What killed those who were infected after the disease was first discovered wasn't really the disease as such, but opportunistic infections that resulted from the impairment of the immune system. In the 80s, most patients died from the Kaposi sarcoma, a cancer of the skin, which caused dark spots and led to the stigmatization of those infected. Thanks to successful therapies, that has changed quite a bit and the disease has become less visible to the public. At the same time, we are now aware that everyday social contact with infected people is not increasing risk of infection.

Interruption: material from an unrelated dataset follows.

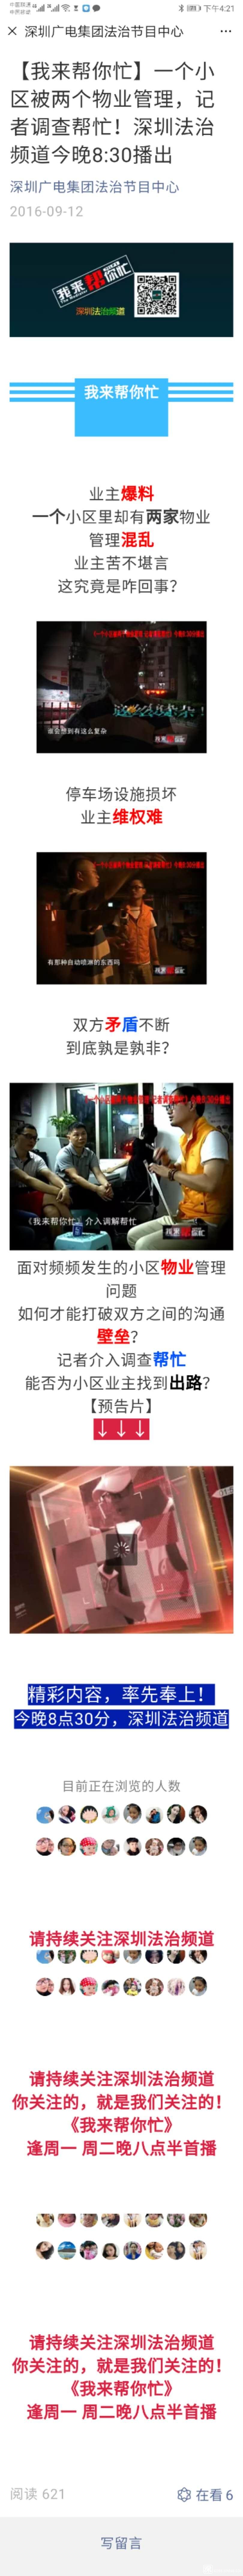 深圳法治频道《我来帮你忙》报道

Thomas Neuwirth, the given name of the character Conchita Wurst, recently revealed that he has been infected for years, but that, nevertheless, he remains in good health. How would you assess the conditions of those living with the infection?

Medications used in the mid-90s to treat the infection certainly had more severe side effects than those that are available now. But of course, we can only know the short-term experience – those from around five or ten years. That makes it hard to say what possible side effects will arise 40 years down the road. Some experts claim they can guarantee an almost normal life expectancy. I hope this will turn out to be true. But as we still don't have long-term implimentation of these drugs, I have some doubts.

Eurovision Song Contest 2014 Conchita Wurst holds the crystal microphone award
2014 Eurovision award winner Conchita WurstImage: Reuters

Are we already aware of some of the side effects in those medications currently in use?

People who have been treated for a long time tend to be affected by the classical symptoms of aging, including cardiovascular disease and osteoporosis, at a much earlier time than those people who have not been infected by HIV. It looks as though the virus itself, as well as the medicines used pose a challenge to the body.

Neuwirth wrote on Instagram that he was permanently below the detectable limits of the virus, and was therefore not able to infect other people.

We're now talking about a treatable chronic disease. As long as the virus in the blood of infected people is kept below the detection limit via the use of drugs, it's almost impossible for them to pass on the virus. But as there's never an abolute certainty in medicine, I wouldn't say that infection can be ruled out 100%. If a pregnant woman were to receive a combined therapy at an early stage that keeps the virus below the detection limit, it's highly unlikely that she will pass on the virus to her unborn child.

Given the progress made in treatment, do you see a danger in people becoming less careful about prevention?

One cannot deny the success of the therapies. But experts see a dangerous pitfall in prevention strategies with two sides to the same coin: they don't work in the long-term if fear is brought into play but careful behavior is not exactly being promoted if people are not made afraid of being infected. And some infected people do have problems with the drugs on a physical and psychological level. To put it very clearly: not being infected is still certainly a much better option than being treated.